The 2002 gubernatorial primary occurred in March 2002. Gray Davis faced no major competitor in the primary and won the nomination. Simon defeated former Los Angeles Mayor Richard Riordan in the Republican primary. Gray Davis ran a series of negative ads against Riordan in the primary. Riordan was seen as a moderate and early state polls showed him defeating Gray Davis in the general election.

Primaries
During the 2002 election campaign, Davis took the unusual step of taking out campaign ads during the Republican primaries against Los Angeles mayor Richard Riordan. Davis claimed that Riordan had attacked his record and that his campaign was defending his record. Polls showed that, as a moderate, Riordan would be a more formidable challenger in the general election than a conservative candidate. Polls even showed that Riordan would defeat Davis. Davis attacked Riordan with negative ads in the primary. The ads questioned Riordan's support of anti-abortion politicians and judges. The ads pointed out Riordan's position of wanting a moratorium on the death penalty as being to the left of Gray Davis, who strongly supported it.

In 2000, the United States Supreme Court in California Democratic Party v.
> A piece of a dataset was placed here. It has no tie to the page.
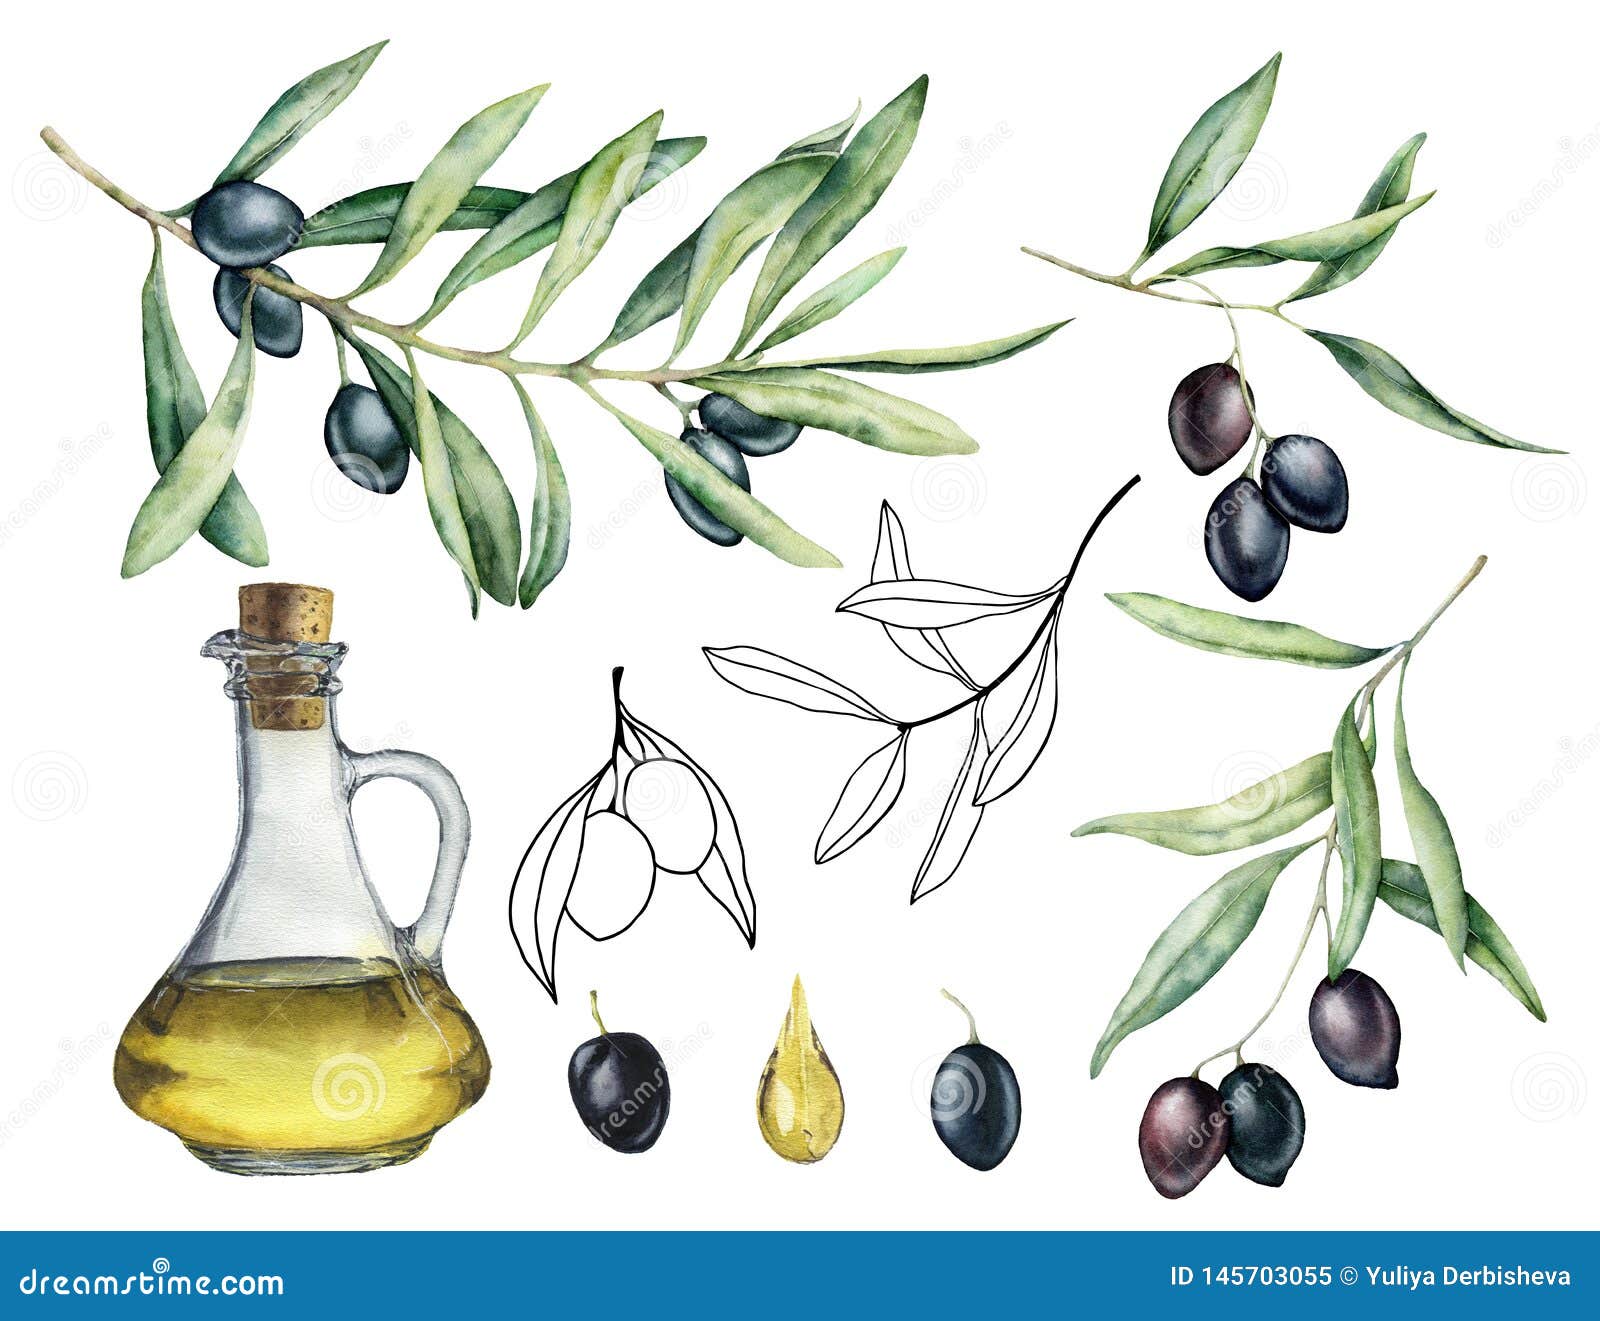 Скетч акварелью оливки

Jones struck down California's blanket primary. With the end of the blanket primary, only non-partisans and registered Republicans could vote for Richard Riordan in the 2002 primary. The end of the blanket primary made it more difficult for the more moderate Riordan. It has long been known in politics that primary voters are much more ideological and strongly liberal or strongly conservative than those who vote in the general election.

Additionally, the Republican primary included negative attacks between Bill Jones and Riordan. Jones highlighted in his attack ads against Riordan that Riordan had contributed money to Davis in past campaigns and had called Bill Clinton "the greatest leader in the free world." Riordan's counter ads highlighted that Jones had also contributed money to Davis. By late February 2002, Riordan's strong lead in the Republican primary had begun to slip. In the previous months of the campaign, Riordan focused his ads and energies on campaigning against Gray Davis and defending himself from Davis' attack ads.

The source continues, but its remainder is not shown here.